I only managed to get three little books by the late Mr. Bahk: Everyone’s American English, American English Conversation, and the ominously titled How To Speak American Expression. Apparently there are others out there, but not at my local shop. Still, the books I do have are an absolute testament to the insanity of English study in Korea back in the 1970s.

Here’s a sample of a monologue presented in Everyone’s American English (and sorry for the scan quality, but I haven’t time to scan it again and I think you can probably make out most of it):

Seriously, that is how the speech ends. I don’t get it either. It’s followed by a complete version (somewhat different, mind) of the speech in Korean, and then several pages of detailed exegesis on specific idioms abd phrases.

Not only does Bahk set the bar pretty damned high, if you ask me, in terms of idioms and colorful speech, but he also mixes in stuff that looks like outright nonsense. How To Speak American Expression has some, er, “American Expression” which baffle me. They might have been expressions once, or they might be now, I’m not sure, but they are bizarre to me. For example, this bit of dialog (from page 198 of my edition):

A: He is always on the spoon.

B: He is spoony on a woman.

Because, really, calling your buddy a horndog is exactly why people in Korea in 1973 were learning English, right? Fascinatingly, Google claims there are 26 instances of “spoony on a woman” online. 24 of them  are on Korean websites, and one is in a journal article titled Problems of Language in Cross-Cultural Research. The only other English instance being Dolores, a novel by someone named Mrs. Forrester (see also here), one may imagine that this novel, published in 1875, is quite possibly the source of the idiom.

Or check this little goodie (from page 279):

A: He must be a screw driver.

B: But he ain’t got soaked.

This feels, to me, approximately like putting Yo Mama jokes in a modern TEFL textbook. I swear, some of these are caption contests waiting for photos to be submitted!

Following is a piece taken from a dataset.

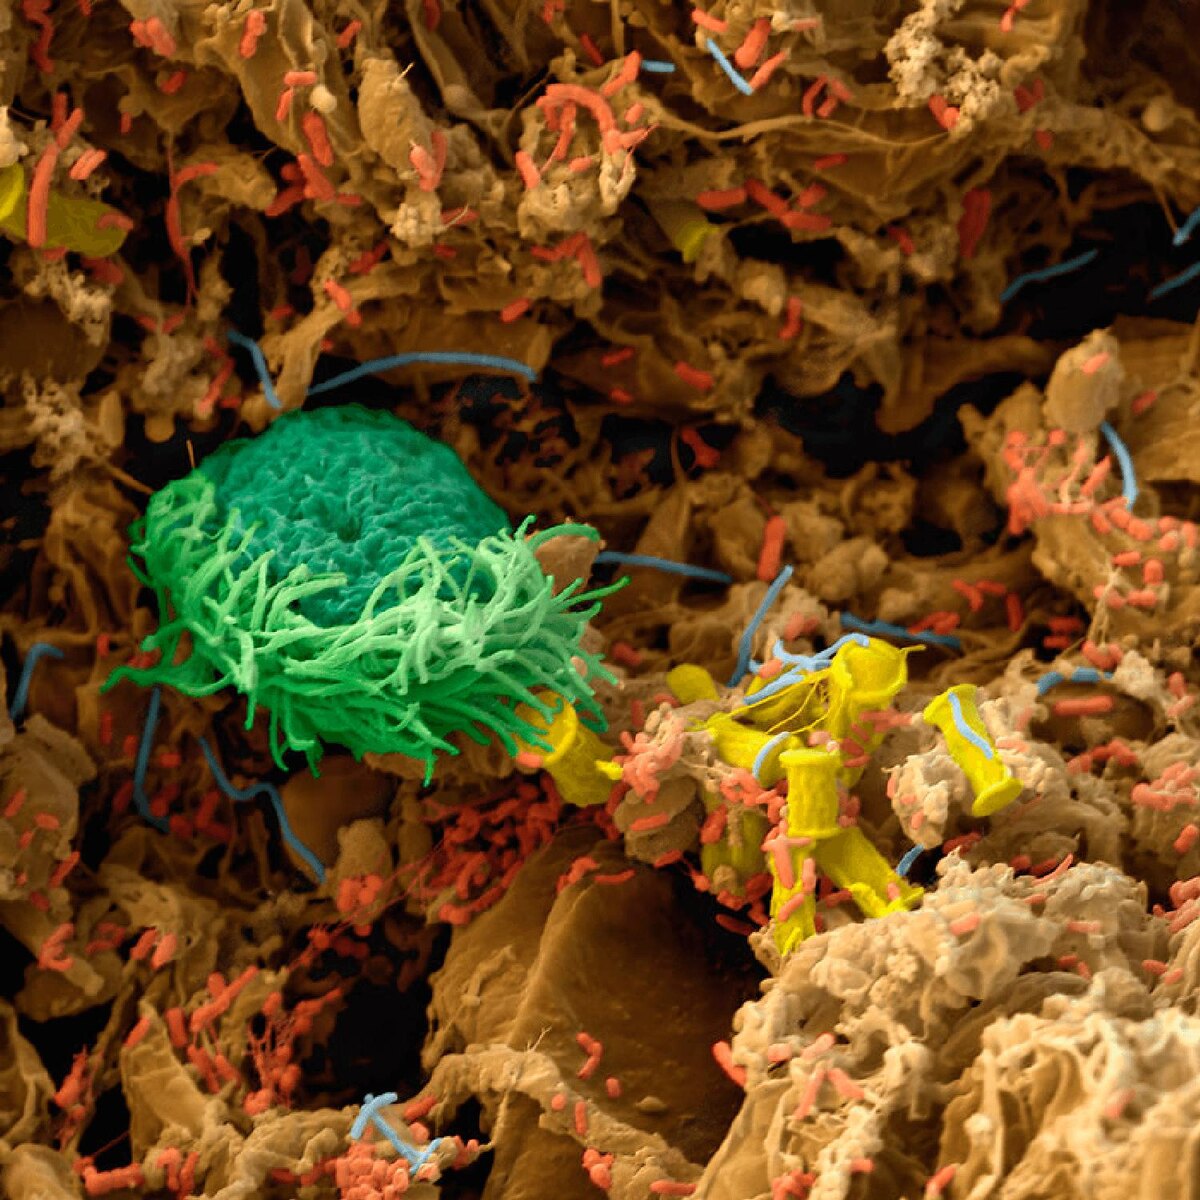 Инфузория (зелёная) и бактерии (красный цвет), а также червь нематода (2 фото) внутри компостной кучи. Электронный микроскоп.

And not to be left behind in terms of the pedagogy of profanity, Robert Bahk anticipates English as a Second F*cking Language by a few decades with this little exchange, on 278:

A: What shall we do with this?

B: Stick it up your ass!

A: 이것은 어떻게 하지요?

B: 네 멋대로 하려무나!

The bold bits are subject to rather serious and careful exegesis in Korean, in quarter-page-long tiny-print passages.

However well-meaning Bahk was, he was not really up to the task of writing English language textbooks for people so that they could become proficient speakers of English. One feels at moments he was scrambling to show how much English he knew, and at other times was scrambling for filler. It was more of a buckshot approach to getting the language into people’s heads. And with buckshot, you kind of end up cramming random stuff in. In this case, even stuff that’s not really quite “English” at all. (In the sense of commonly used expressions, rather than colorful idioms that perhaps a handful of native speakers worldwide would understand immediately.)

The scary thing? The lady at the used bookshop told me that back in the day, these were the books from which people learned their English. Bahk was the TEFL kingpin of South Korea back in the 70s, she said… well, in not so many words, and she said it in Korean anyway.

The other scary thing? Recalling some of the national curriculum guidelines I read through for middle school textbooks, there are at least a few serious hunks of nonsense legislated into the EFL curriculum even now.Ask me about that time when I had to find a way of working, “You can’t possibly…” into a textbook chapter, avoiding the incorrect usage that the government expected me to include, at the last minute.1

Plus ça change, plus le spoony on a nonsense….


  1. Textbook standards guidelines are—or at least at the time, they were—issued at the last minute, meaning textbook publishers have teams develop wonderful textbooks following the previous guidelines for a few years, and then have them rewrite sizeable chunks of them over a few short weeks. When a British friend heard about this, he asked me, “Why don’t they just issue the new guidelines at the beginning of the cycle, instead of the end?” Indeed… but then, that would require planning ahead.